Re: Half-serious quest for prefix anonymous refs taking
by TGI (Parson) on May 30, 2008 at 00:45 UTC

    This looks like a job for prototypes. No, really :).

    use strict; use warnings; use Data::Dumper; sub mkcref (@) { my @closed = @_; return sub { @closed}; } sub mkaref (@) { return [@_]; } sub mkhref (%) { if ( @_%2 ) { warn "Odd number of elements in mkhref"; return { @_, undef }; } else { return {@_}; } } my $foo = mkaref 1,2,3,qw(a b c); print Dumper $foo; my $bar = mkhref a => 1, b => 2, 3; print Dumper $bar;

    I left it off mksref, because I wasn't sure how it should behave. It's an odd one.


    TGI says moo

      I left it off mksref, because I wasn't sure how it should behave. It's an odd one.

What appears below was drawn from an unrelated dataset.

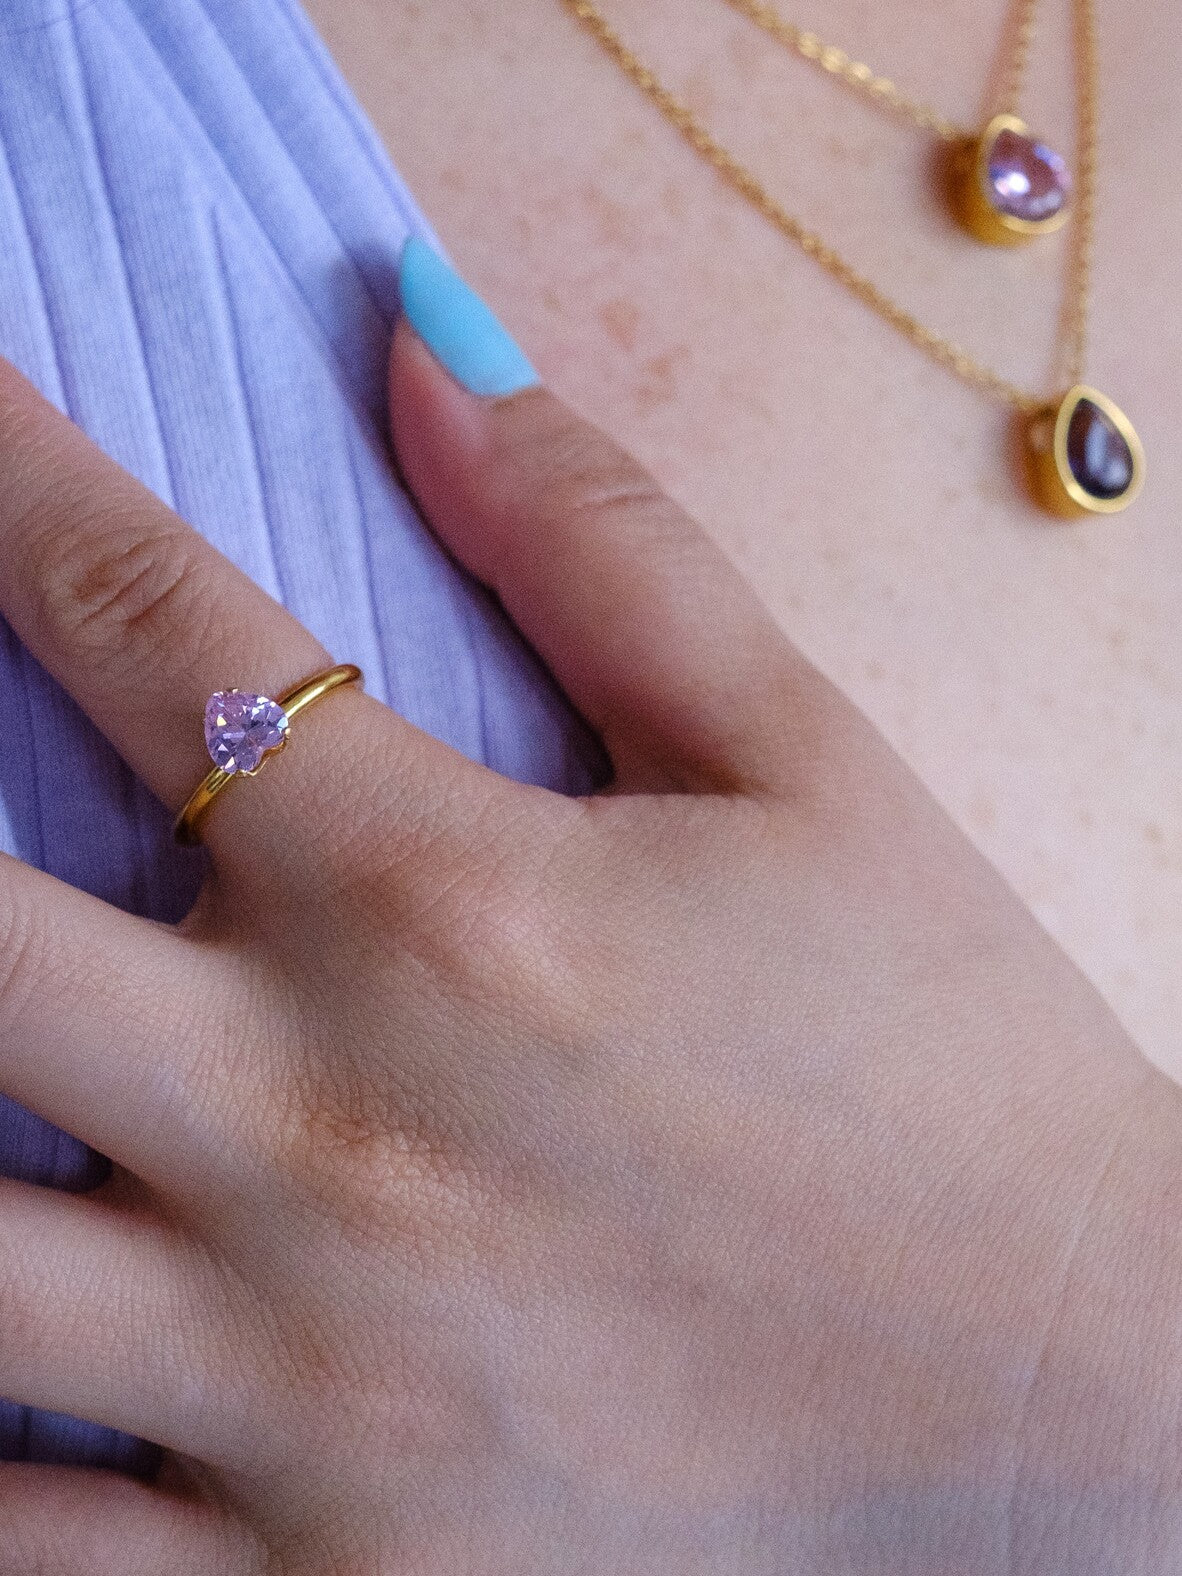 Woman's hand wearing a gold band ring with a pale pink heart gem stone. The woman also wears two gold necklaces with tear drop pendants with a pink and a purple gem

      I personally believe it should either complain if anything but exactly one argument is passed to it, or try to do something smart in that case, as I tried to, in my example. Another possibility would have been for it to return \[@_] but that would leave with two levels of indirection which is not consistent with the one argument case; further, it would amount to mksref mkaref LIST, so it doesn't make much sense.

      Another possibility that springs to mind is the following: if there were an anonymous (circumfix) scalar ref constructor, it would impose scalar context to its arguments. Thus it should behave as follows:

      sub mksref { my $x = +(@_)[-1]; \$x }
      This looks like a job for prototypes. No, really :).

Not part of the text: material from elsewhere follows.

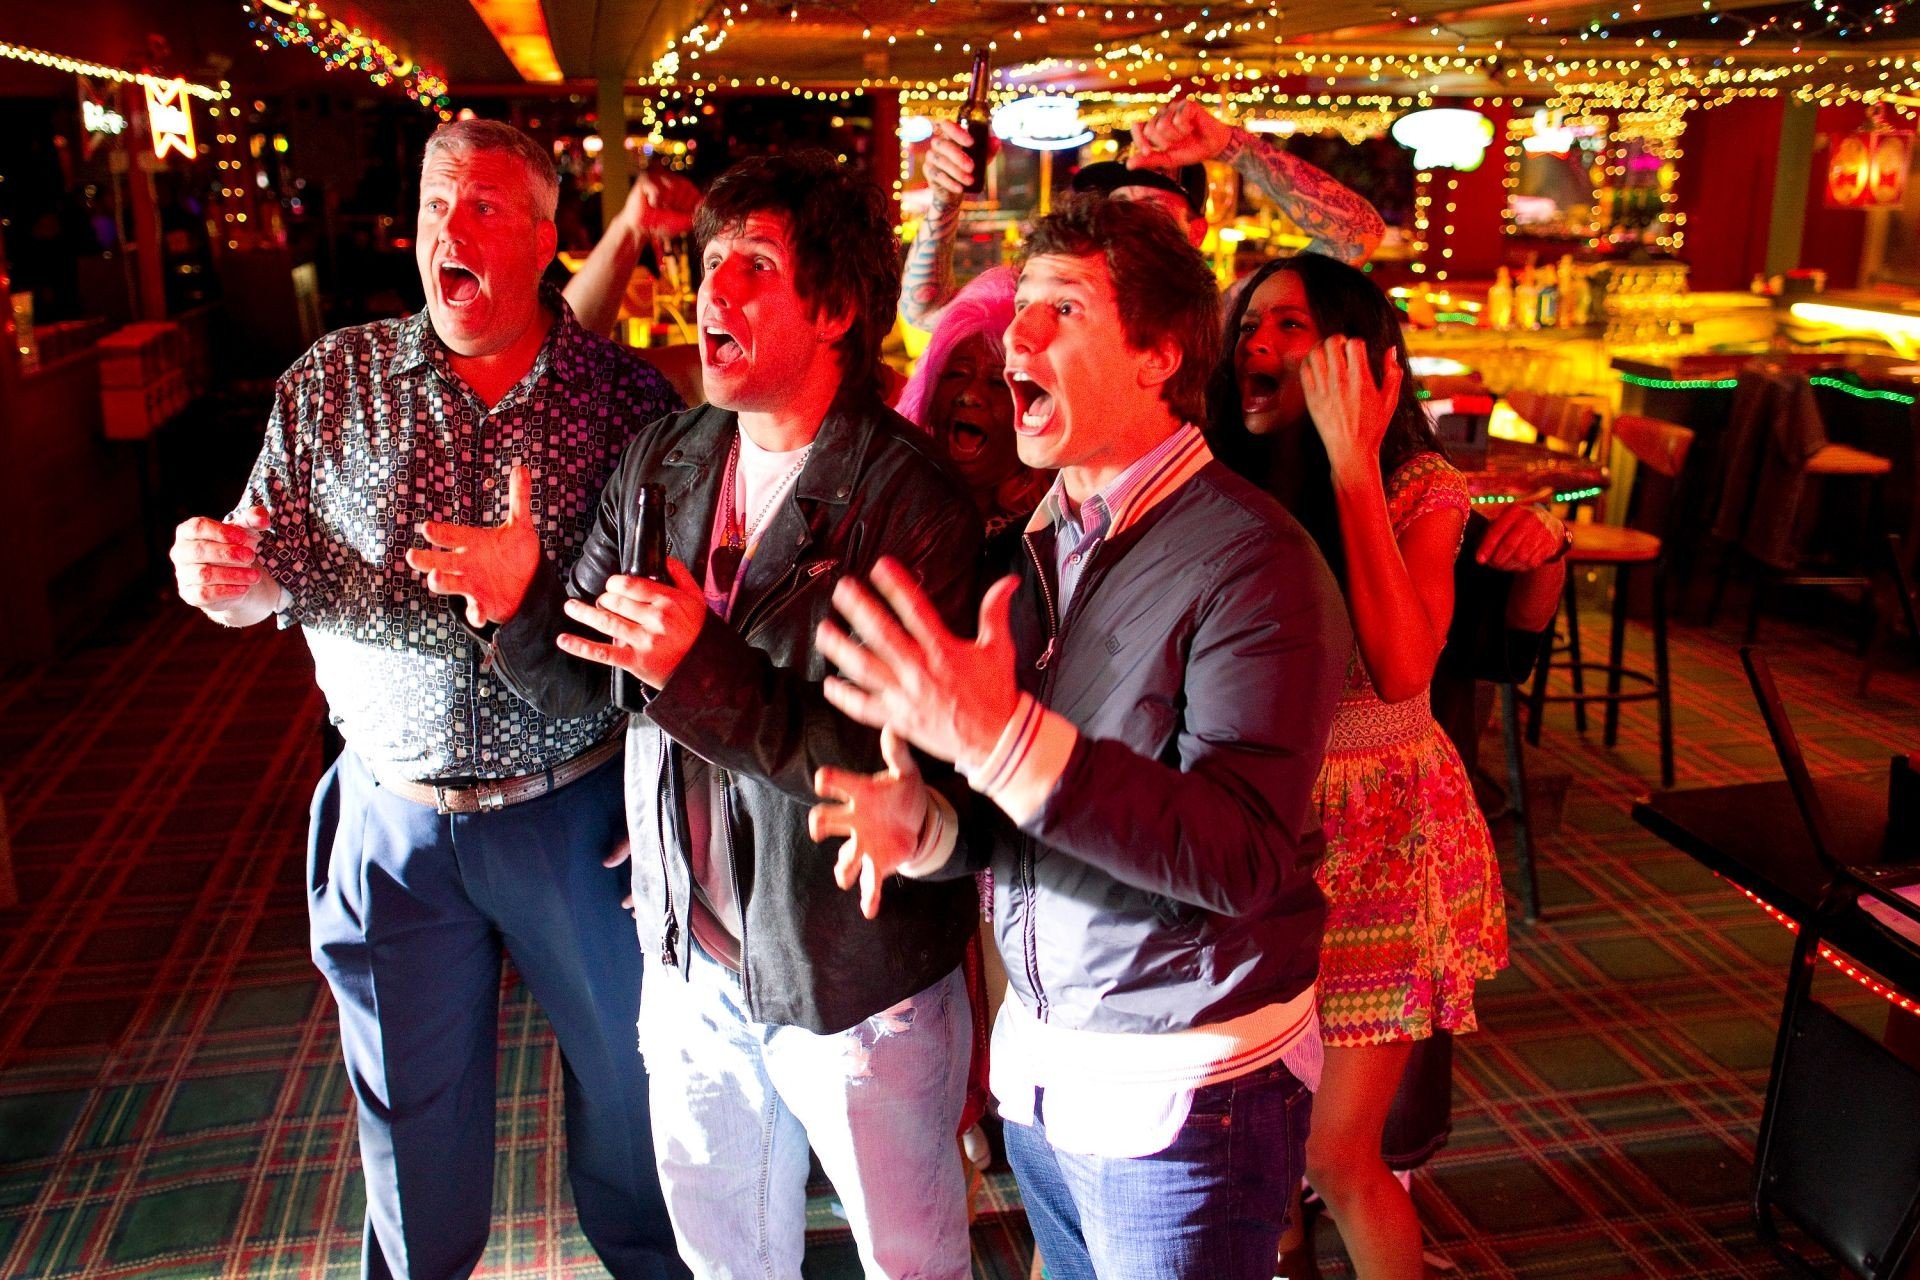 Rex Ryan, Adam Sandler and Andy Samberg in Columbia Pictures' That's My Boy (2012). Photo credit by Tracy Bennett.

      I can't see how prototypes could help there:

      sub mkcref (@) { my @closed = @_; return sub { @closed}; } sub mkaref (@) { return [@_]; }

      The @ prototype does not do anything useful, since it just says that the arguments are an arbitrary list, which is the default anyway.

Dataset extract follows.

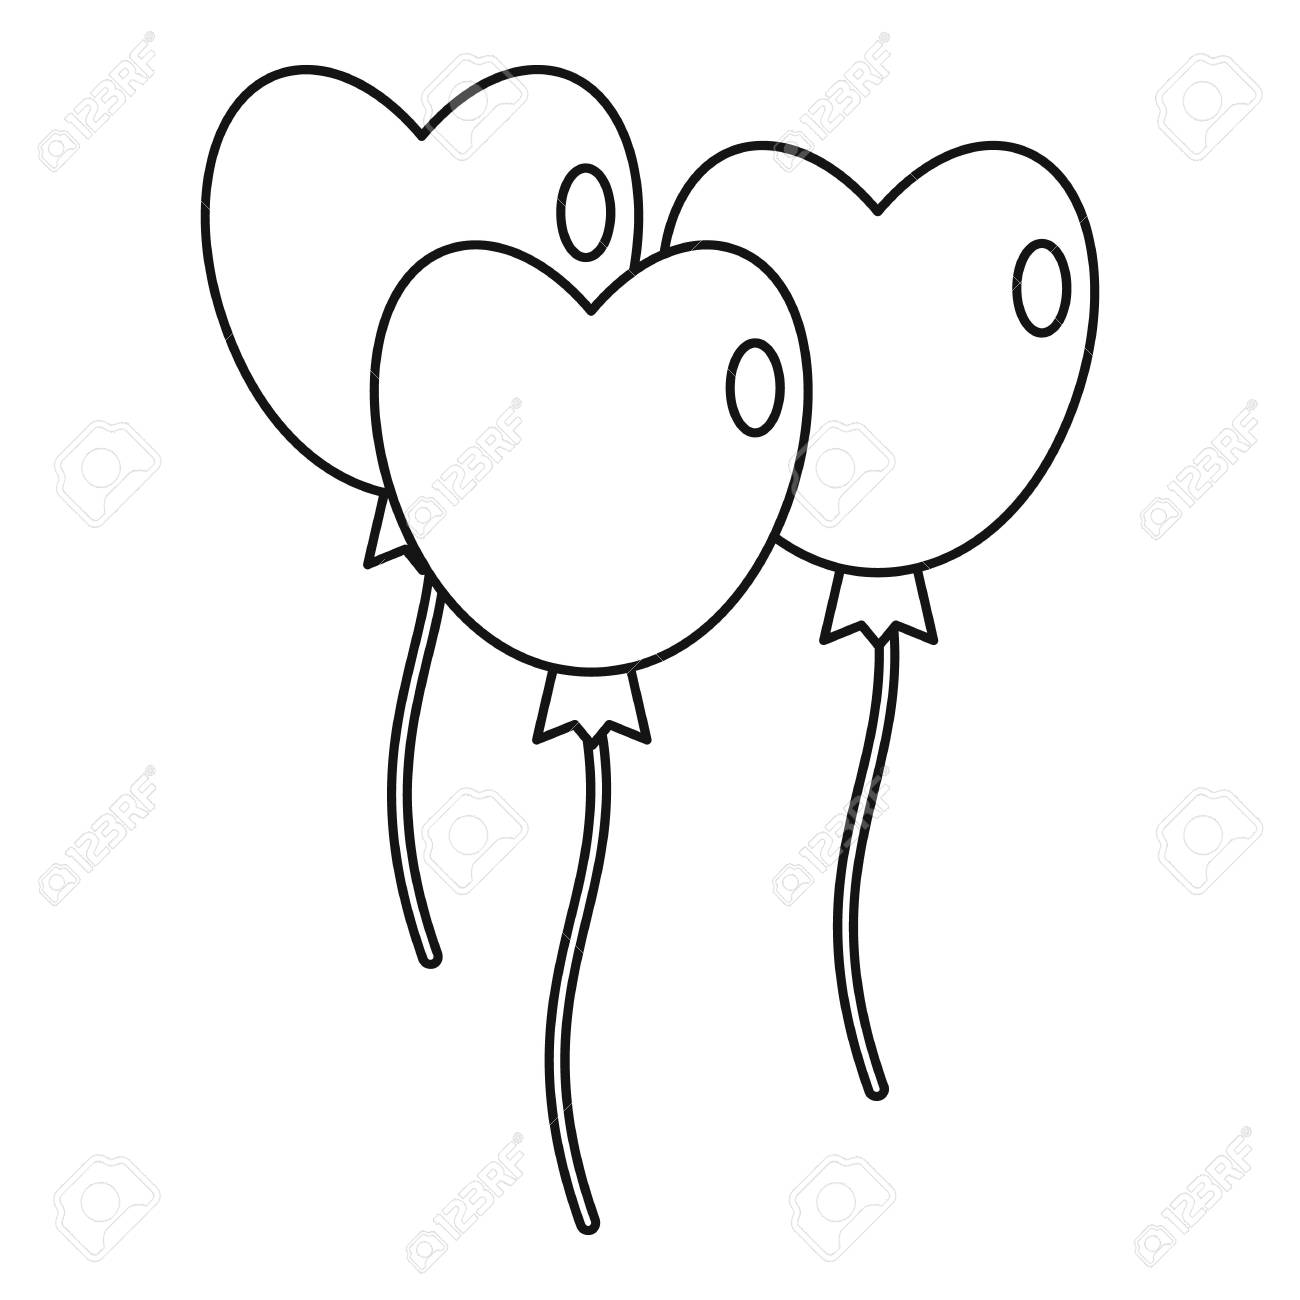 Heart Balloons Clipart Black And White.

      sub mkhref (%) { if ( @_%2 ) { warn "Odd number of elements in mkhref"; return { @_, undef }; } else { return {@_}; } }

      There's not a % prototype that I know of. There's a \% one which does something entirely different. If there were I believe it should simply do the evenness check you're doing yourself.

      Said this, my own version of mkhref() did something different: took a list and returned a hashref with the elements of that list as keys, and undef values. Given that these subs are supposed to be prefix alternatives to the circumfix [ ], { } and sub { } constructors, and to the non existant scalar ref one, my sub is certainly stupid and yours does the Right Thing™. But in the same vein, I would leave to perl to do its job of checking (if warnings are enabled) evennes:

      sub mkhref { {@_} }
      --
      If you can't understand the incipit, then please check the IPB Campaign.

        Update: As blazar so kindly pointed out, the (@) prototype is indeed meaningless. It just goes to show how useful it is to reread the docs every once in a while. I'd filed away the fact that prototypes let you do cool stuff and omit parens. Which they do, but not in the way that I understood it at the time I first read the docs.

        Reread the docs from time to time. It's amazing what you can learn!

        Back to my regularly scheduled foolishness...


        The % and @ prototypes do the same thing--eat an entire list. Your suggestion that it should check for evenness is very good. It's in my battered old copy of Perl in a Nutshell, it works, but I don't see it in perlsub--interesting...

        I used the % prototype despite its identicalness with @ just to clearly show my intentions--that is mkhref wants a hash. I'm not sure about that decision now, since it turns out to be a partially documented feature :).

        The prototypes allow you to skip your parentheses, which makes the sub act more like a built-in. Since you said you wanted a built-in, I thought I'd fake it as well as can be done.

        mkaref( 1..9 ); # becomes mkaref 1..9;

        In a module, I'd have mkhref check for warnings, with $^W. If on, it should carp, that way the error refers to the "right" line of code.